Faculty Association President Meister’s Op-ed on SB 520
by Robert Meister
After a decade of skyrocketing tuition, Sacramento politicians have seized on a new gimmick to avoid paying for the kind of low-cost, high quality college education California used to guarantee all its students.
SB520, sponsored by Senate Majority Leader Steinberg, proposes to “solve” the problem of over-enrolled gateway courses at California’s public universities and community colleges by requiring them to grant “full academic credit” for “comparable” courses completed on new for-profit online platforms (such as Coursera and Udacity) and existing for-profit schools (such as Kaplan and Straighterline).
This solution appears to be a zero-cost proposition for California’s taxpayers and students because many of the new online courses are presently free, except for the cost of providing certificates of completion.
The problem with this too-good-to-be true solution is that it is too good to be true.
As soon as SB520 becomes law, sellers of certificates of completion for online courses would find themselves in the new—legislatively-created—business of selling guaranteed transfer credits redeemable at any public university or college that admits the student to a degree program.

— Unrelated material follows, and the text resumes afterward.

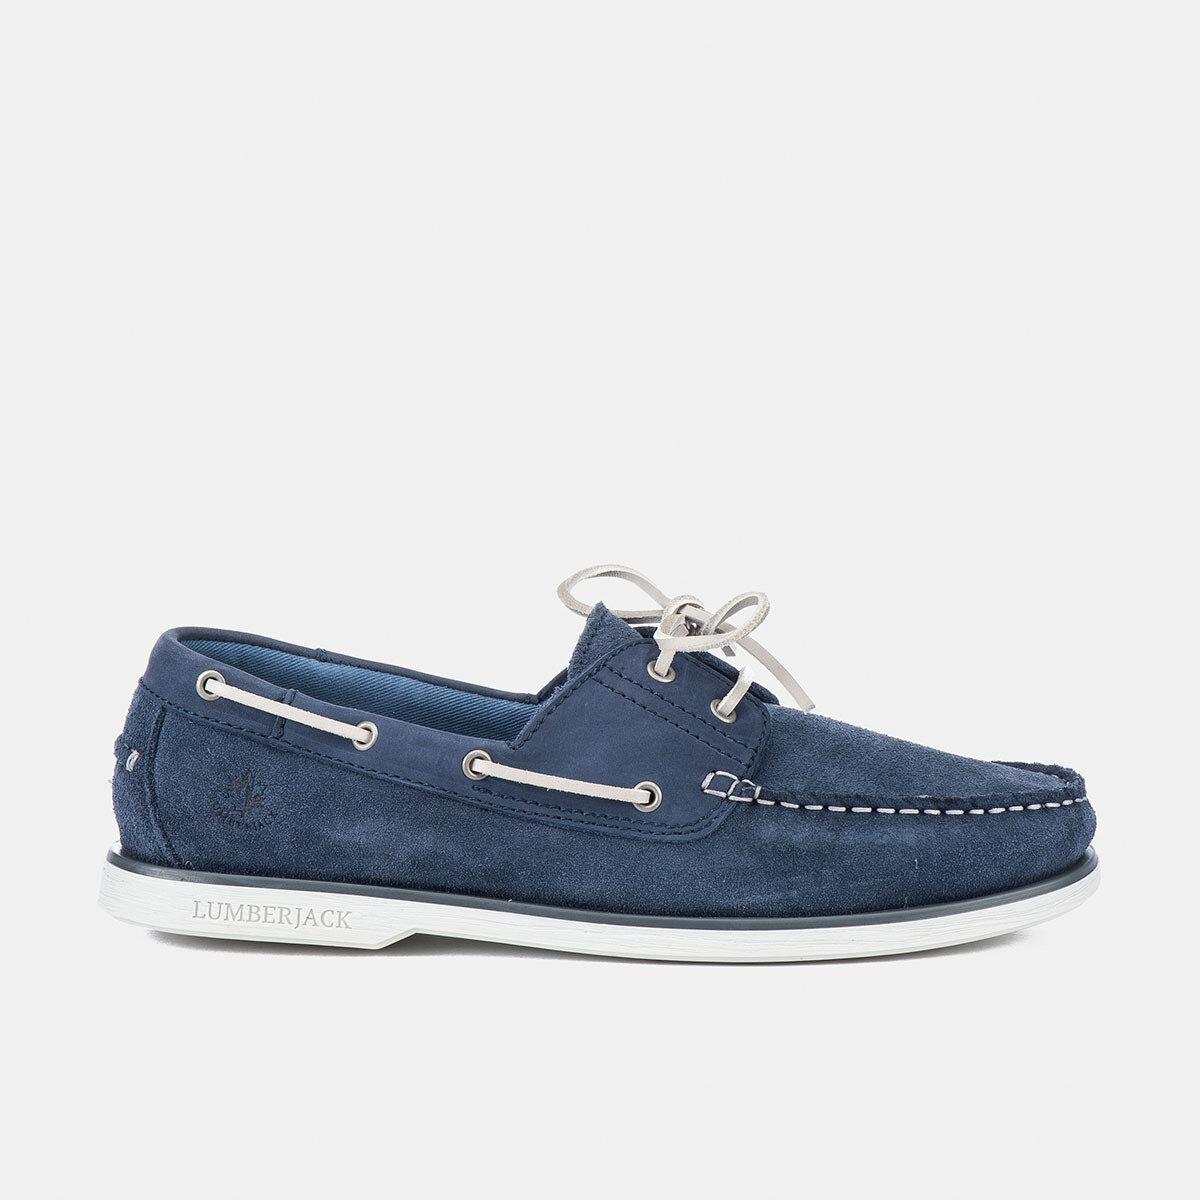 NAVIGATOR MOOD INDIGO BLUE Man Boat shoes

SB520 places no limits on what these for-profit providers could charge for these certificates despite the fact that the universities or colleges would have to honor them. At the same time, as budget cuts make access to gateway courses scarcer (particularly at the community colleges), SB520 would create windfall profits for the private sector that will not be burdened with the infrastructure or quality controls that have made public university and community college degrees valuable.
The long term result will be higher costs for students and a continuing decline in the quality of their publicly-funded education, all in the name of removing bottlenecks in lower division required courses that cuts in state funds have created.
SB520 would establish for the first time anywhere a system of legislatively-mandated transfer credits between a public higher education system and the for-profit sector of education providers. This hasty and ill-conceived bill is a legislative giveaway to a growing private industry with no commensurate public benefit or regulation.
Our public leaders should instead concentrate on restoring the promise of the low cost and high quality public higher education that built California.